この騎士たちを、甘く見ていた――特に、銀色の鎧を着た女。頭は悪そうなのに、その攻撃力は常軌を逸している。
「はぁっ、はぁっ……ごめんなさい、手加減できなくて……」
「……グォ……オォォッ……」
「それでも悪魔の眷属か……誇りがあるならば、死してなお戦うがいい……!」
屍となったすぐ後に、バフォメットに死霊操術を施す――すると生気を失いながらも、身体が滅びるまで戦う戦士が誕生する。
「……これが、グールド公爵と兵士たちの屍を操った力……外道め……!」
「ほんとにやっかいだね……フィル姐さんが居てくれたらって言いたいとこだけど、こっちもいちおう準備はしてるんだよね」
「アレッタちゃん、持ってきてるよね、聖水。あれを私のメイスに振りかけて」
「……なぜ、バフォメットの目を見ても操られない?」
苛立ちを抑制できず、私の口調は硬質なものになる。亜麻色の髪の、どこかヒロトに通じる面影を感じさせる赤騎士が、不愉快な笑みを浮かべて答えた。

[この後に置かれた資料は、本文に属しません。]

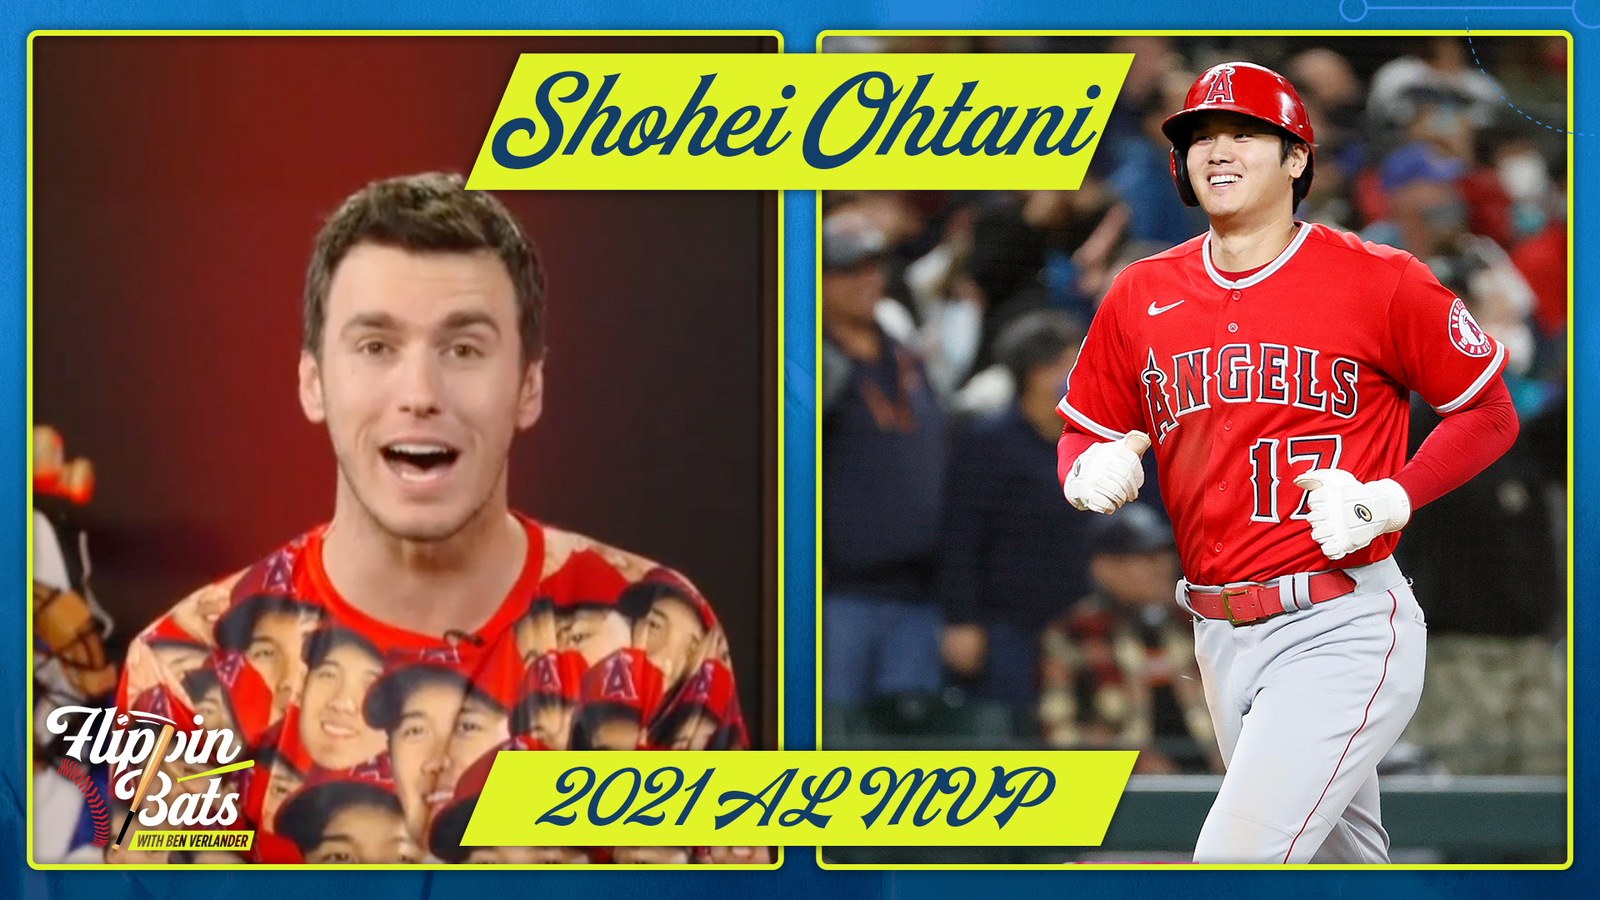 Shohei Ohtani is the unanimous AL MVP

「私たちは、ヒロト君っていう魅力のかたまりと過ごしてきたからね。それ以上に気を引かれる相手なんて、そうはいないんだよねえ……んふふ。まして山羊男なんかに、操られるわけないじゃん」
「……そうか。あの紫色の瞳は……全く気が付かなかった」
「なんかえっちな目だなーと思ったから、全力で叩いちゃった。何度起き上がってきても、地面に埋まるくらい叩いちゃうぞ~!」
――その答えを聞いて、どこか納得してしまう自分がいた。
ヒロトはいつも封じているけど、周りの存在を魅了する力を持つ。それを仲間たちに使うことで、耐性をつけたのだ。本来なら、装備を使わなければ手に入らない高い耐性を――それができたのは、この女たちが、ヒロトに心を許しているから。

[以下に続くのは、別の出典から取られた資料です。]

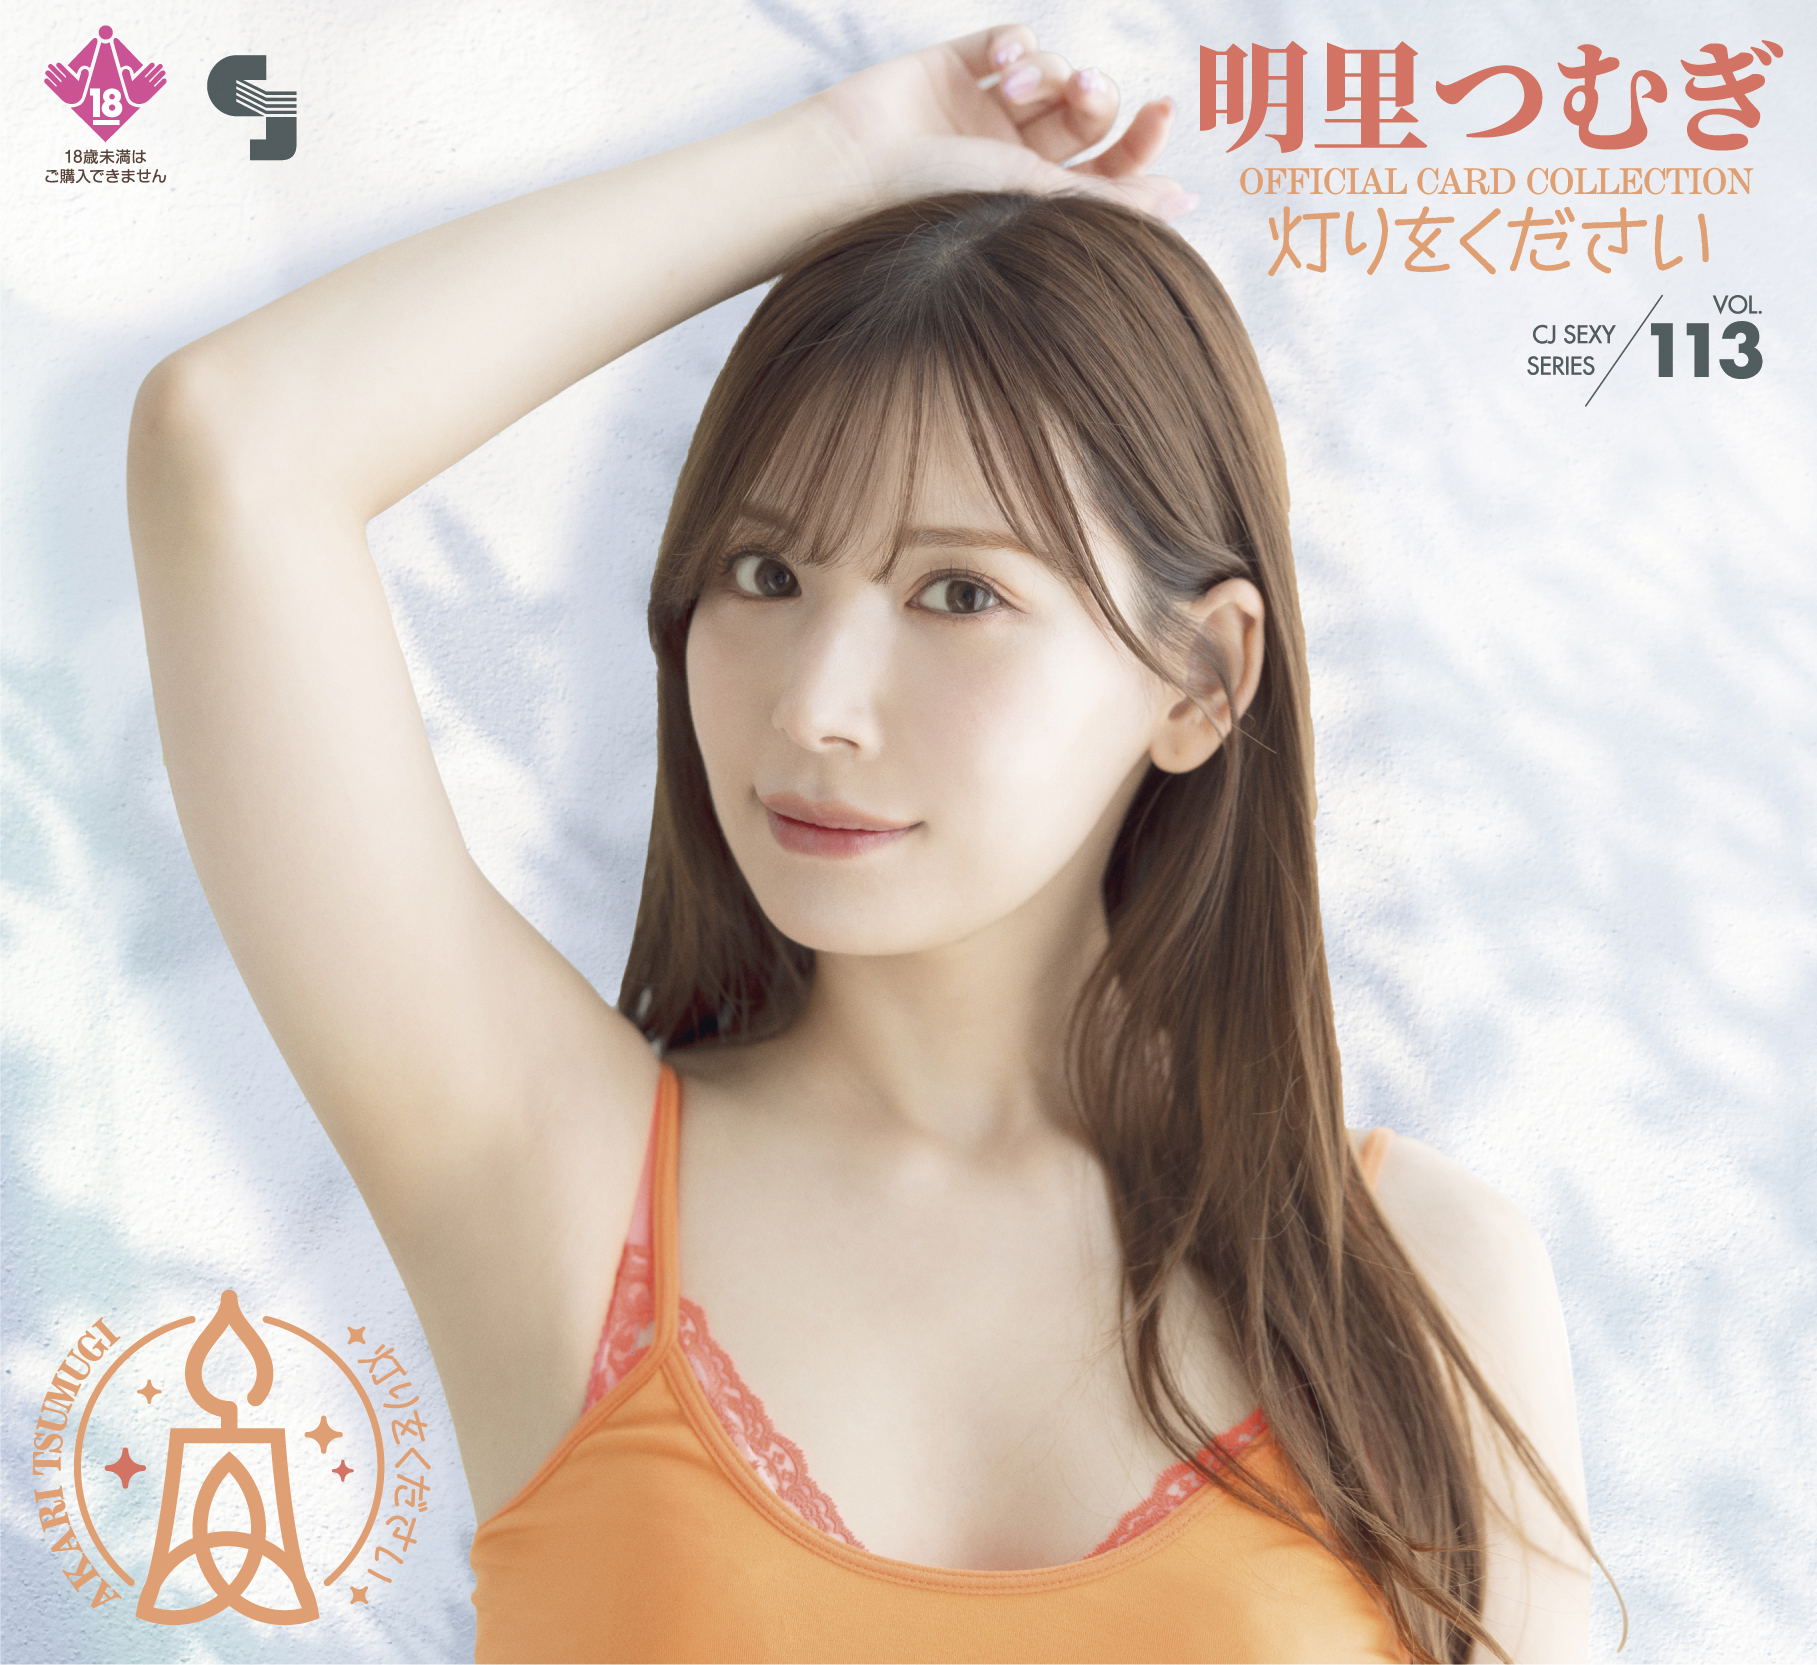 CJ Sexy Card Series Vol. 113 Tsumugi Akari Official Card Collection -Akari Wo Kudasai- (Random Single) Jyutoku

「バフォメット。この女達を殺すまでは止まるな……身体が滅びるまで戦い続けよ」
「……オォォォォォッ……!」
これ以上相手をしている時間はない。私はバフォメットにその場を任せ、転移を始める――一度高い場所に出て、アンナマリーの位置を探る必要がある。
――そうする前に私は気がつく。
この街全体に広がる、もう一つの波動。未だに眠る、懐かしい姉さんの気配。
魔王リリスの魂を持つ子供が、この町にいる。あの、エルフの女奴隷とともに。
姉さんにはまだ、眠っていてもらわなければならない。
あの人はきっと、私がヒロトを殺そうとすれば、邪魔をする。
――人間の勇者の味方をして死んだ姉さんは、きっともう一度同じことを繰り返す。
「……なぜ、姉さんをこの町に残したの? ヒロト……」
転移する座標を選べず、私はミゼール中心の市場通りに飛んで、立ち尽くした。
バフォメット、シスカ、ナヴァロ――そして最後に、ハインツが戦いを始める。
「早く戻らなければ、全てが灰になる。今回の勇者は、その運命を変えられるのかしら」
私を封じる忌々しい武器は、もう解き放たれている。
聖杖――その使い手が、ヒロトと共にここに来る。
命を弄ぶ死霊の王が、死を恐れる。それが滑稽であっても――私は、恐れていた。
このまま封じられれば、私は結局何も知ることのないままで終わる。
女神が、なぜ私たちに呪いをかけたのか――それを知らないままでは、どれだけ忌まわしく、飽きに飽いた生でも、終わりたくはなかった。